The twenty menu words and phrases most correlated with low proportional housing expense (the bluer dots) areas:
1. tortilla, 2. cream-sauce, 3. red-onion, 4. thai, 5. your-choice, 6. jumbo, 7. crisp, 8. sauce-and, 9. salads, 10. oz, 11. italian, 12. crusted, 13. stuffed, 14. marinara, 15. broccoli, 16. egg, 17. scallops, 18. roast, 19. lemon, 20. bean
Several of these words of phrases are associated with ethnic cuisines (i.e. “thai” and “tortilla”), and others emphasize portion size (i.e. “jumbo” and “oz” for ounce). Restaurants in high proportional housing expense areas (greener dots) tend to include the following words and phrases on their menus:
1. clams, 2. con, 3. organic, 4. mango, 5. tofu, 6. spices, 7. eggplant, 8. tomato-sauce, 9. cooked, 10. artichoke, 11. eggs, 12. toast, 13. roll, 14. day, 15. french-fries, 16. duck, 17. seasonal, 18. oil, 19. steamed, 20. lunch, 21. chips, 22. salsa, 23. baby, 24. arugula, 25. red, 26. braised, 27. grilled, 28. chocolate, 29. avocado, 30. dressing
These words reflect healthier or more expensive food preparation (i.e. “grilled” or “steamed”), as well as more exotic ingredients (i.e. “mango” and “clams”). Also, seasonal and organic menus are associated with low proportional housing expense. The word “con” turns up as a counter-example for Latin American cuisine, as in “con huevos” or “chili con queso”.
Food Crystal Ball
This sort of model for restaurant menus could also be used for forecasting, to statistically predict the sort of food that will be more successful in a particular neighborhood. This predictive power would be bolstered by the fact that the population of menus has a survivorship bias, because failed or struggling restaurants are less likely to post their menus online.

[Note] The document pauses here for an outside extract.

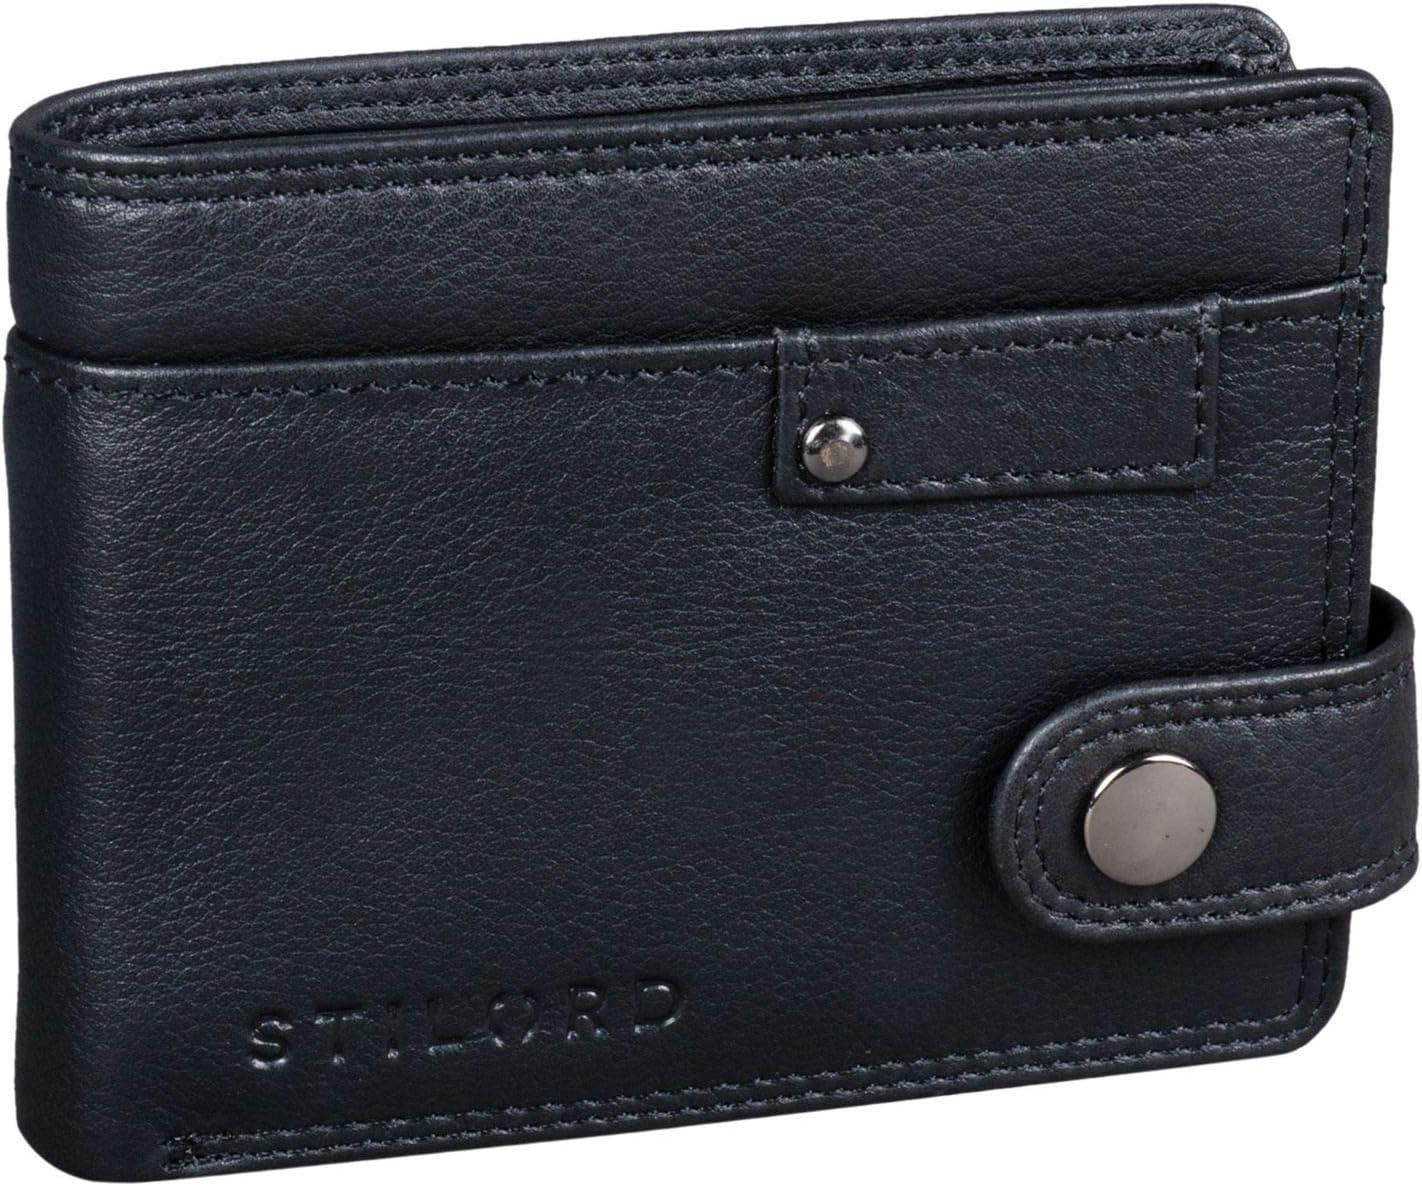 STILORD 'Finley' Cartera de Cuero para Hombres Protección RFID y NFC con Botón Pulsador Billetera con protección, Color:Negro
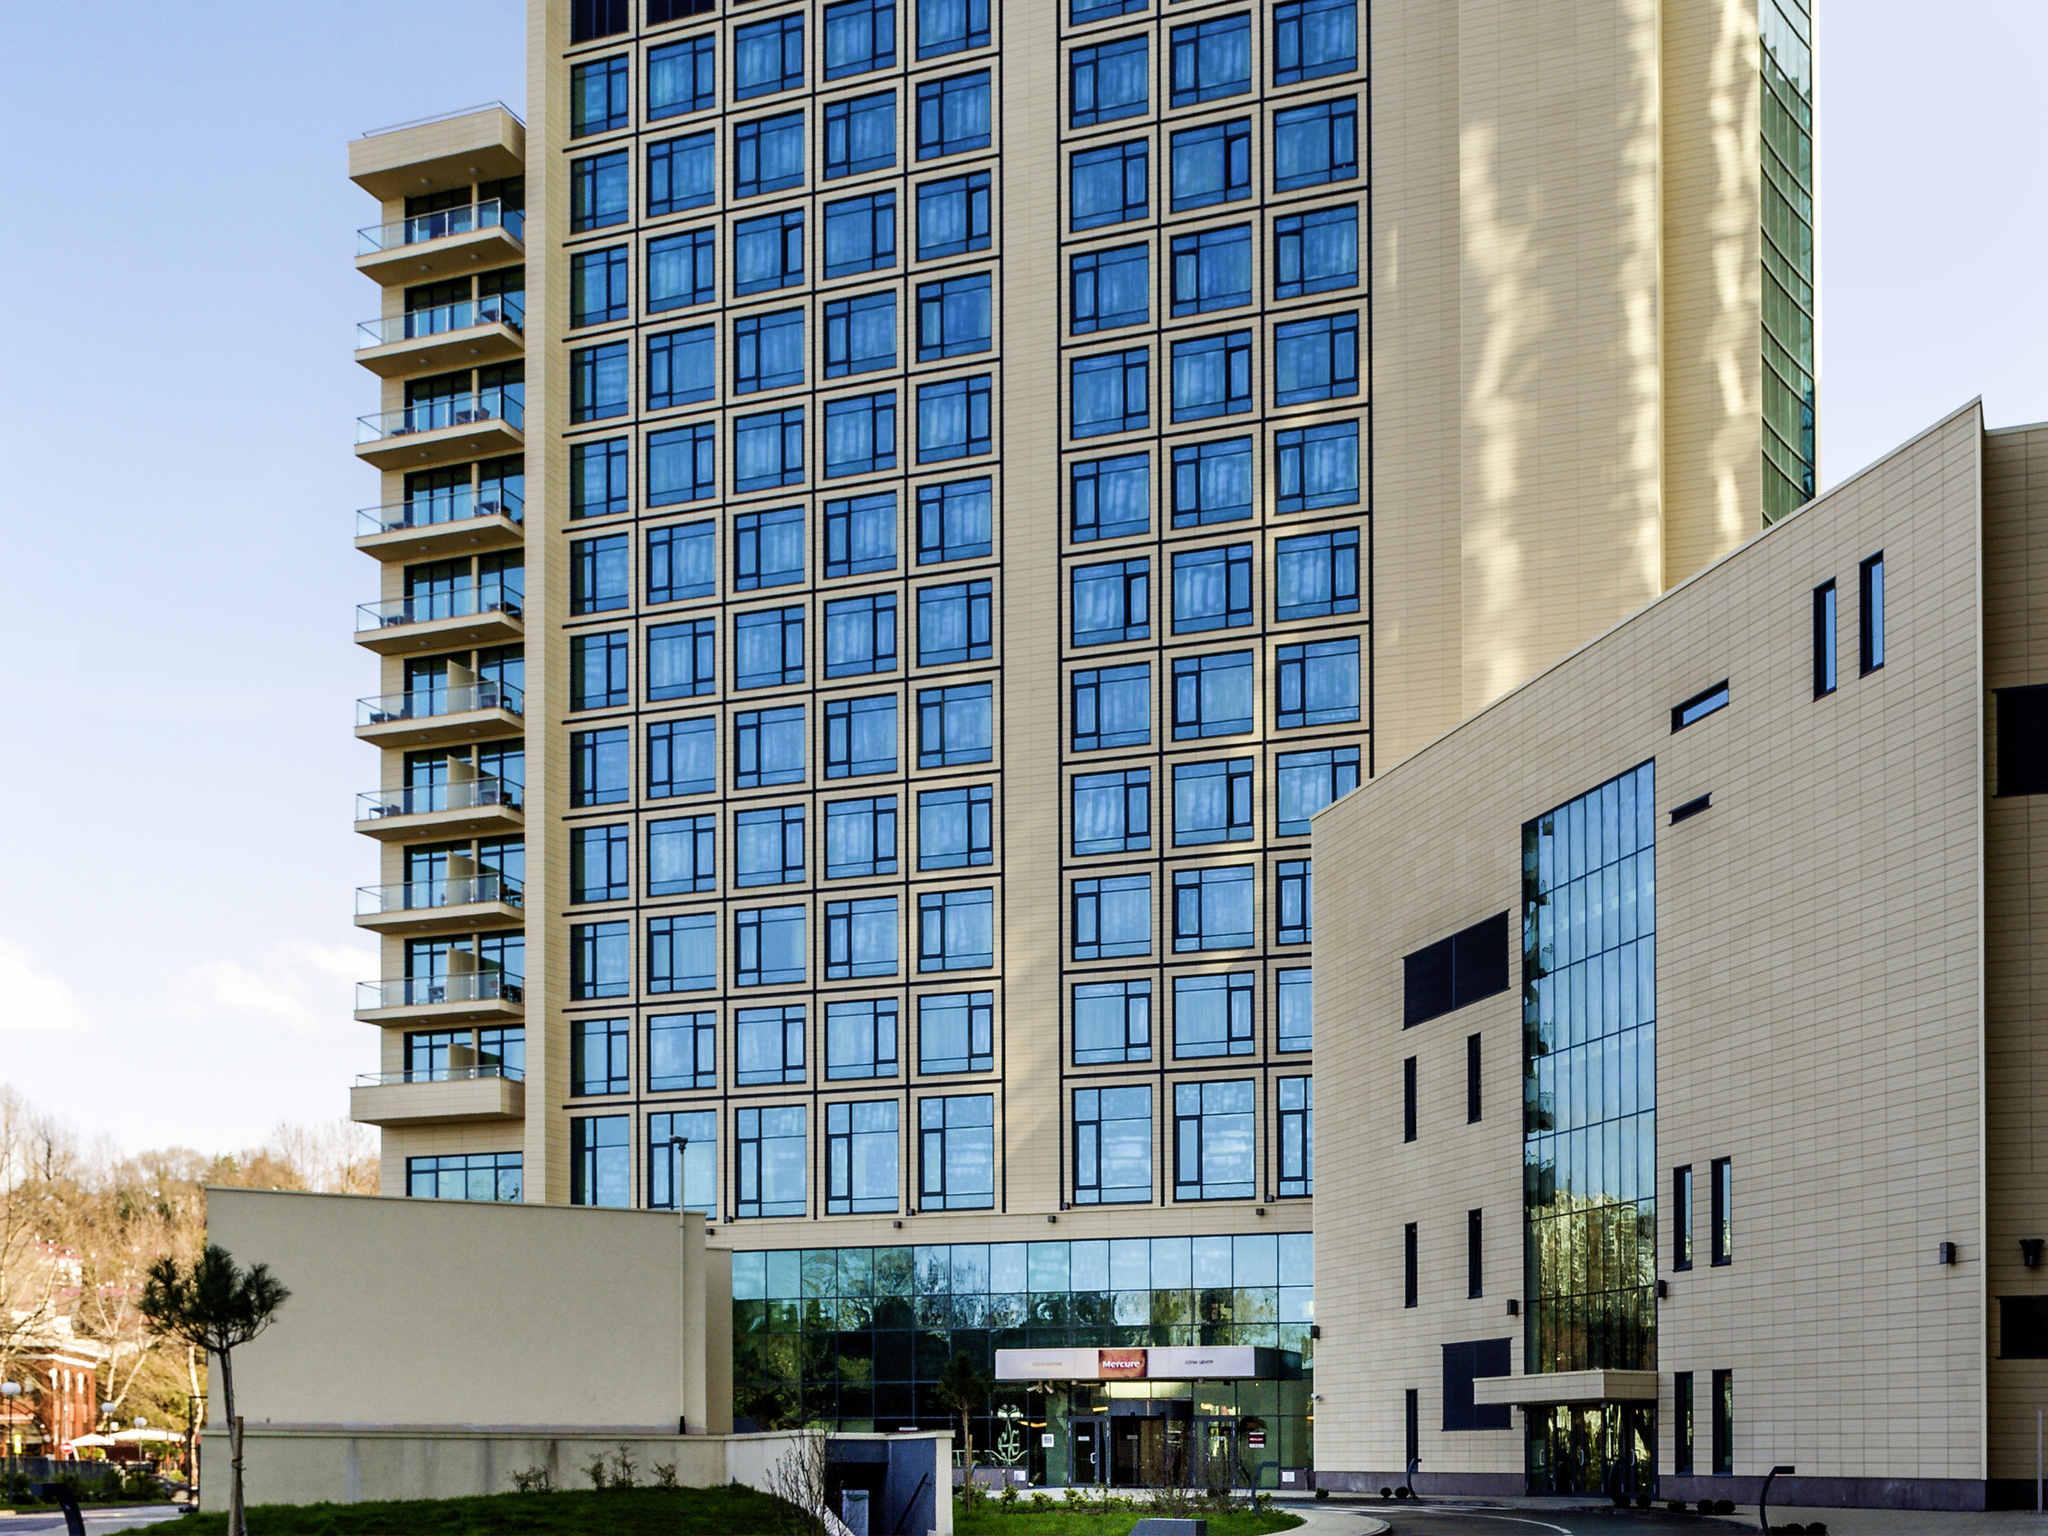 Отель меркури сочи забронировать аренда автомобилей калининград свадьба

This confirms my suspicion that housing expense is counter-intuitive when it comes to dining out. People who spend more of their income on housing in order to live in a desirable location have less disposable income, but these are the people who pay more for exotic ingredients and more expensive food preparation. Maybe these folks can’t afford to eat in their own neighborhood?